#### [ACTIVITY]
Can you write out every line from the start of the records below through the line containing "Mino Maccari (Siena, 1924-Rom, 16.", leaving out any pictures?

#### [SUPPLIED ENTRIES]
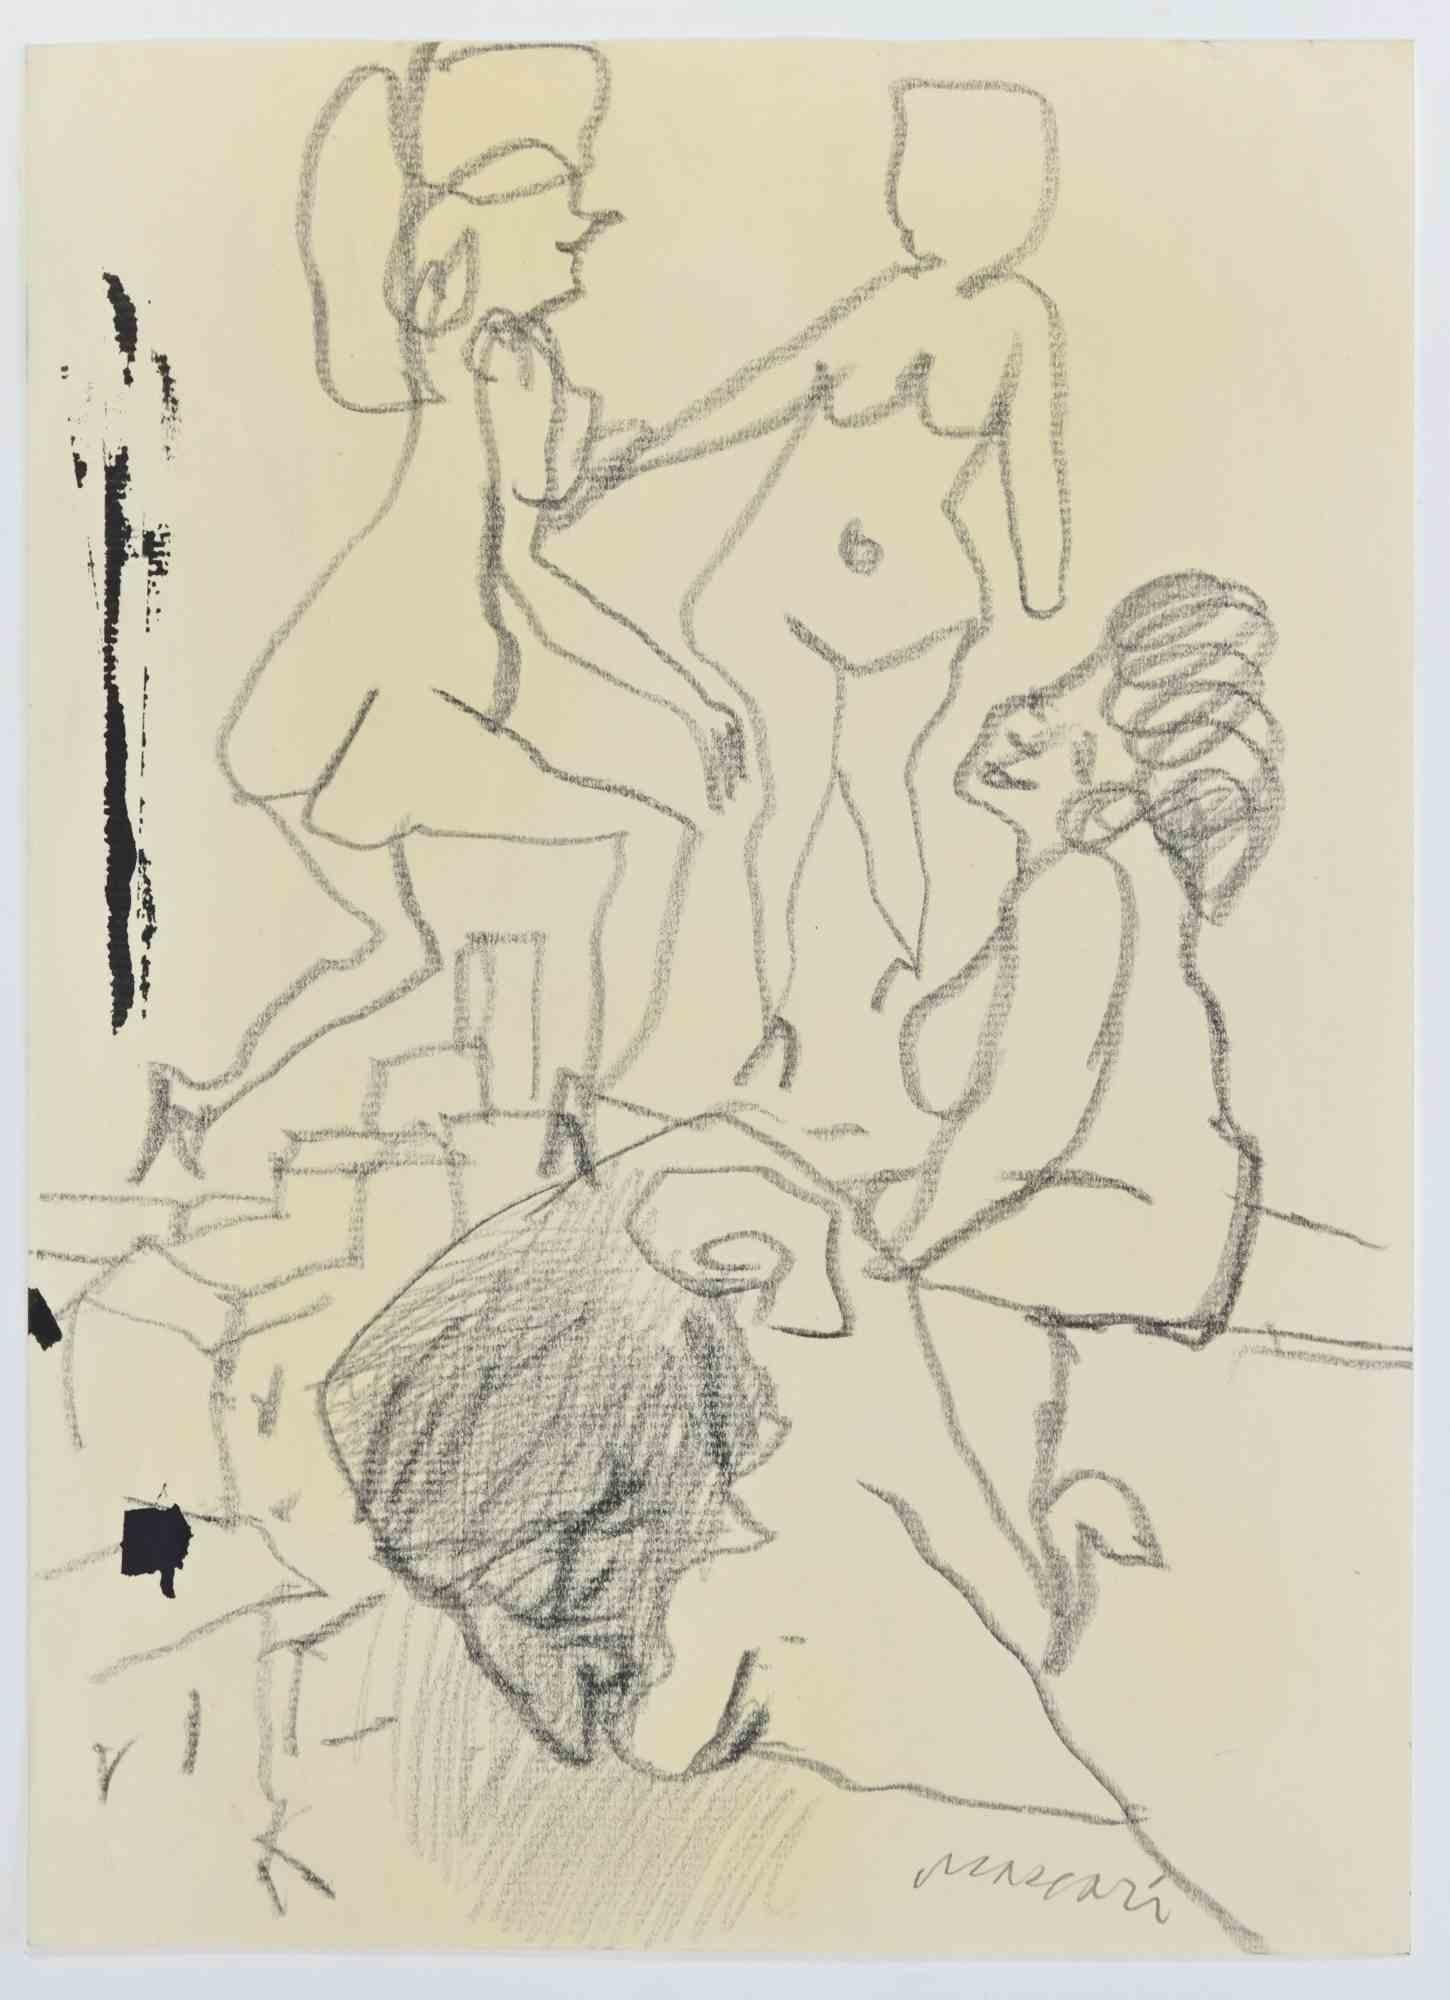 Erotische Szene ist eine Bleistiftzeichnung realisiert von Mino Maccari  (1924-1989) in den 1960er Jahren.

Handsigniert am unteren Rand.

Guter Zustand.

Mino Maccari (Siena, 1924-Rom, 16. Juni 1989) war ein italienischer Schriftsteller, Maler,
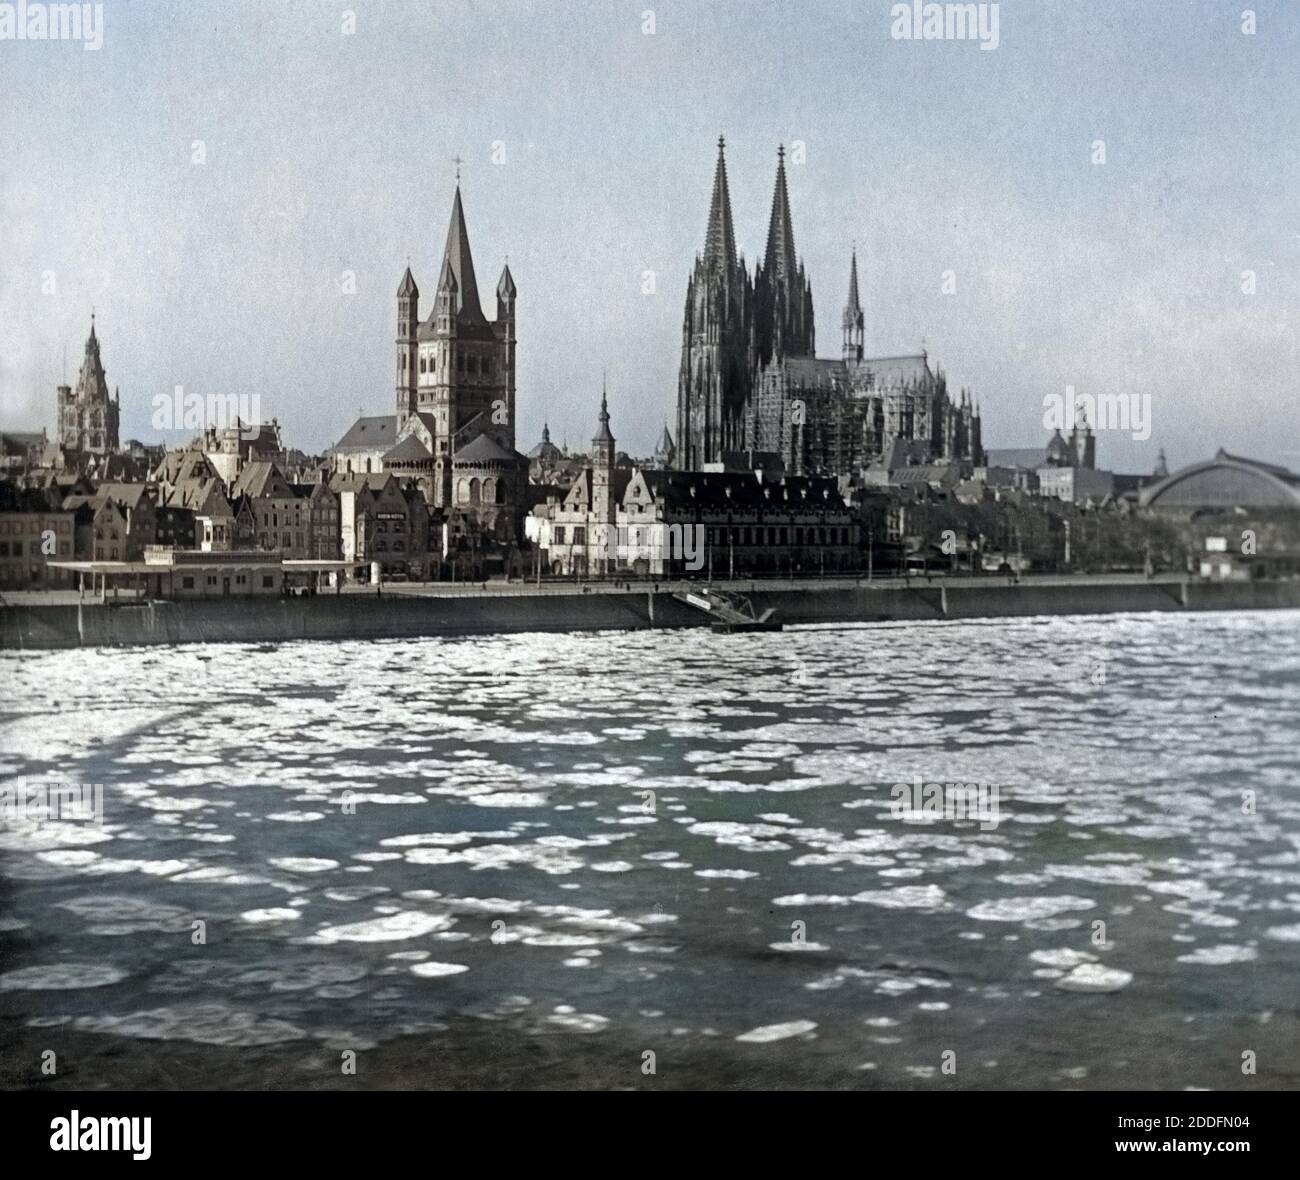 Eisschollen treiben über den Rhein an der Altstadt von Köln vorbei, Deutschland 1920er Jahre. Ice floes passing the city of Cologne on river Rhine, Germany 1920s. Stock Photo
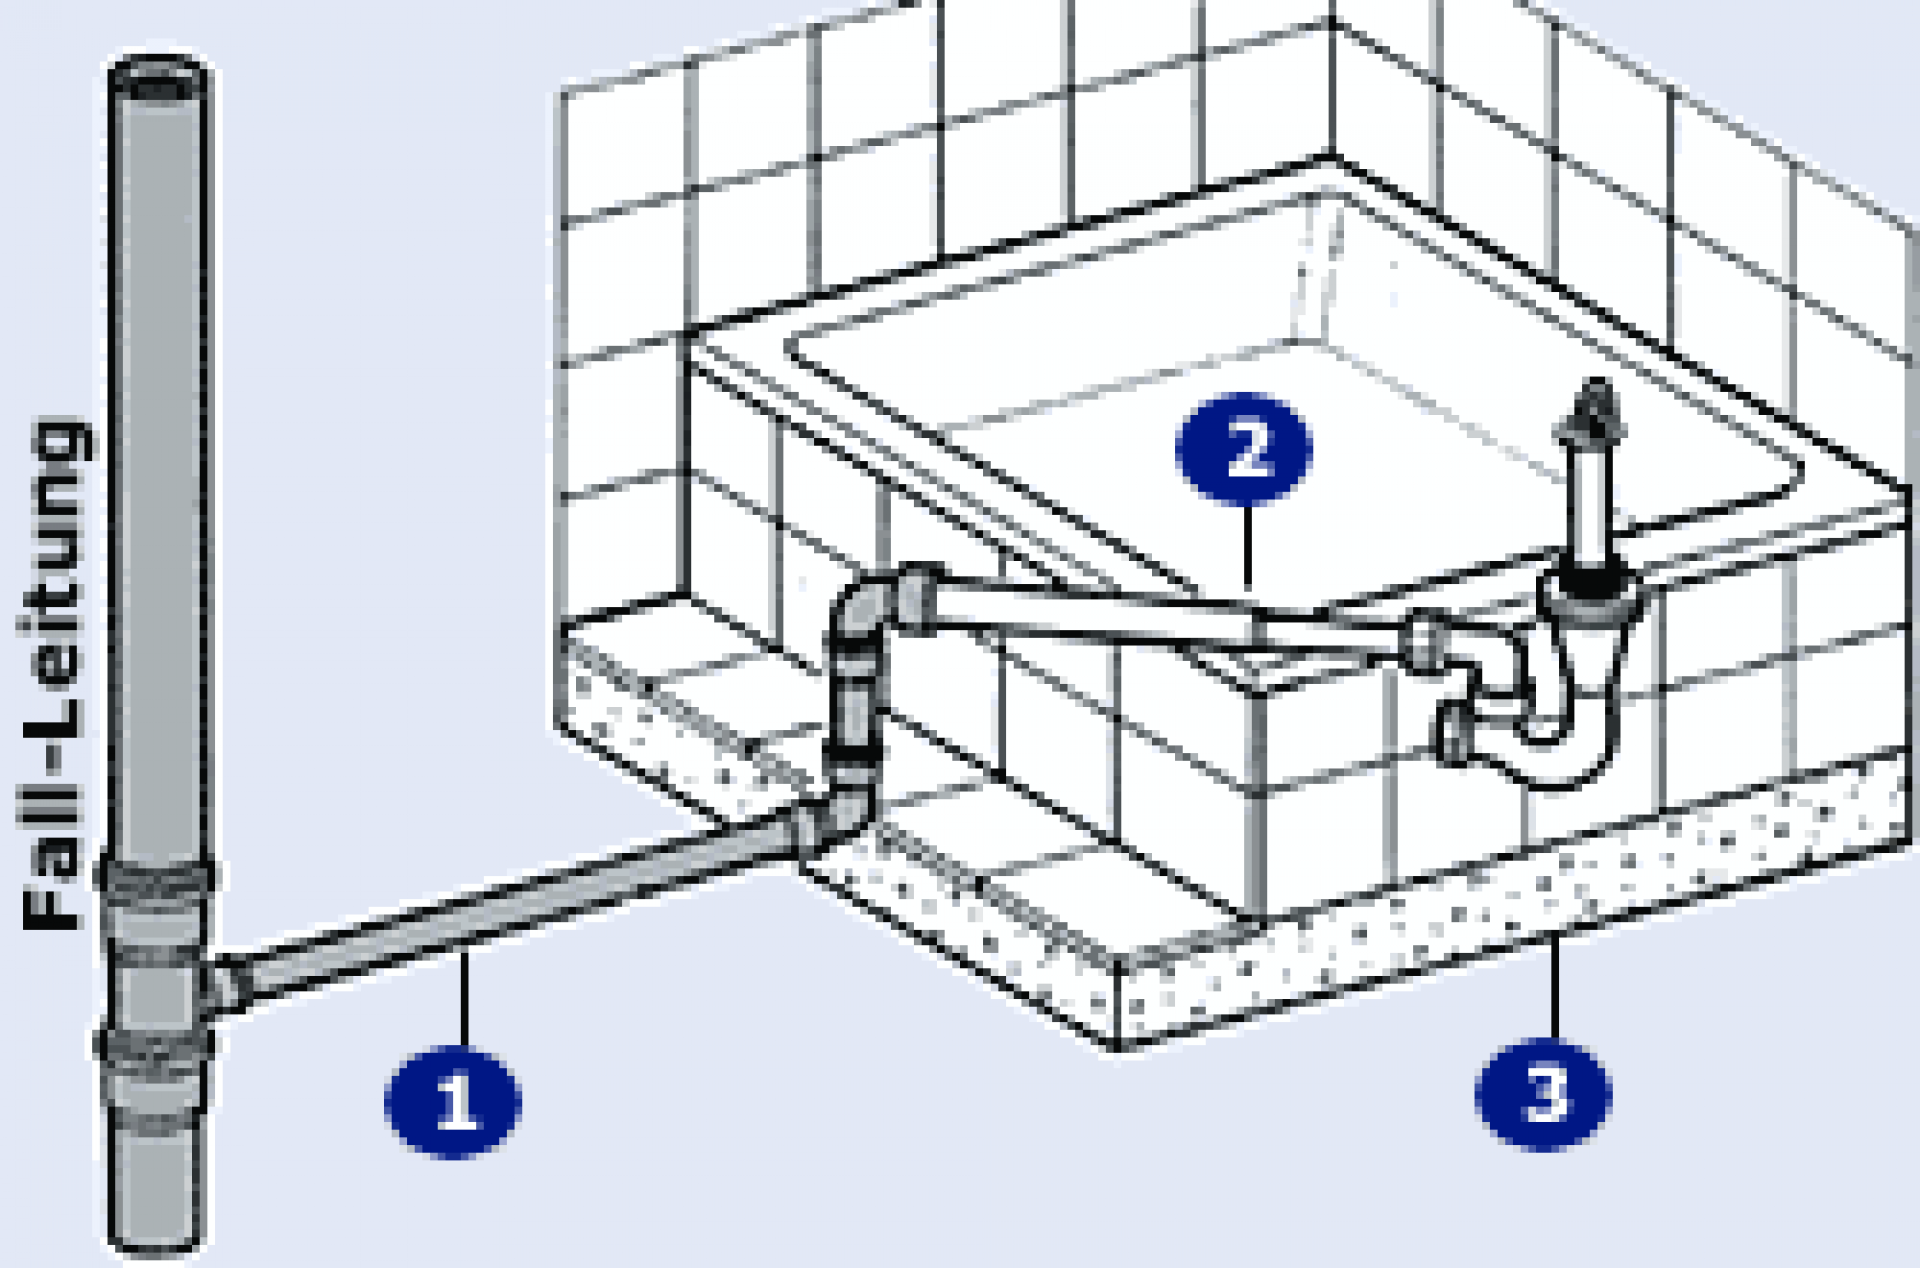 Как подключить душевую кабину к водопроводу и канализации | greendom74.ru

#### [RESULT BELOW]
 Erotische Szene ist eine Bleistiftzeichnung realisiert von Mino Maccari  (1924-1989) in den 1960er Jahren.

Handsigniert am unteren Rand.

Guter Zustand.

Mino Maccari (Siena, 1924-Rom, 16. Juni 1989) war ein italienischer Schriftsteller, Maler,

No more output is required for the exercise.